Way to Go Sophie T!!!!! [smiley=1-thumbsup2.gif]


----------



## axe11924 (Jul 27, 2008)

Very cool [smiley=cool2.gif] my first on Fly was that size. Very fun indeed.


----------



## Gramps (Nov 1, 2007)

Way to go! Those little guys are a ton of fun eh?


----------



## iMacattack (Dec 11, 2006)

Cute little poon! Congrats! You and Garry should come down here in a few months. I'll get you two on some of my local rod busters!

Cheers


----------



## HaMm3r (Dec 11, 2006)

Congrats on the tarpon! [smiley=1-beer-german.gif] That guy is exacly the size I'm looking for on fly.


----------



## axe11924 (Jul 27, 2008)

Those are the fun size on Fly for sure HaMm3r. I've been finding them in the creeks around Vero with small Black/Purple or Red/Black Flies.


----------



## fishgitr (Feb 18, 2008)

Congrats!! Good luck in your snook hunt.


----------



## deerfly (Mar 10, 2007)

thats way cool, kinda cute too isn't he.  
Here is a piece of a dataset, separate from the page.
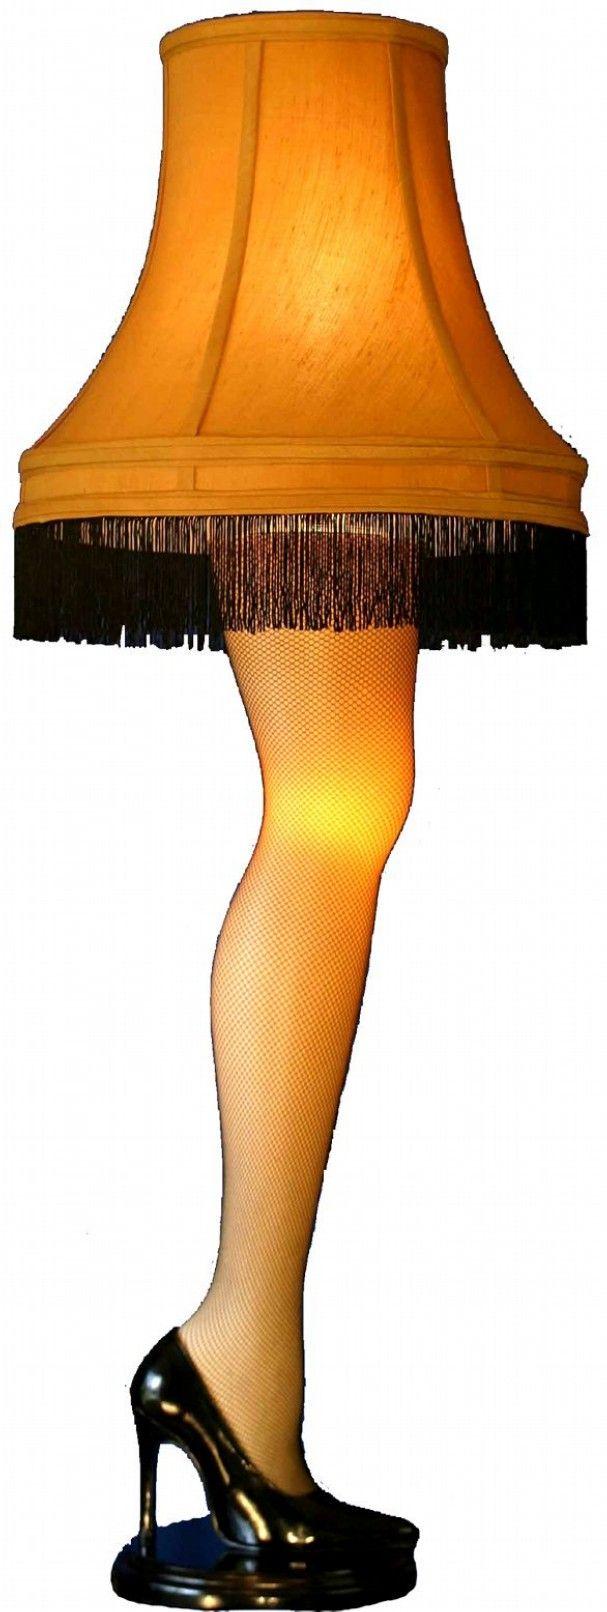 Leg Lamp Google Search Christmas Story Leg Lamp A

be warned, snook fishing will ruin you for anything else. Between trying to break the mysterious spells of lock jaw and staying up all night fishing for them will drive you mad. Funnest fish there is when you're in em though.


----------



## choppercity47 (Jul 30, 2007)

Snook are biting in the heat right now, saw and caught some in haulover last week, but got bigger ones around 3pm friday as well as tarpon in the incomming tide inshore of ponce inlet on live shrimp freelined, as well as topwaters.


----------



## Apollobeachsam (Dec 14, 2006)

congrats!

Next summer I need you and garry to get over here so we can you on 100lb + fish..


----------



## hankG (Jul 1, 2008)

You never forget your first Tarpon.

I got lucky last year and caught my first Pacific Tarpon on fly.
ABS helped me get my first Flamingo Tarpon. I remember it like it was this am.
Nice job on the poon now go get that first snook.


----------



## fishgazam (Dec 12, 2006)

Gary you got the cuteist lil fishin partner............... and she can fish too. wow!

Nice lil bb tarpon Sophie!

AC


----------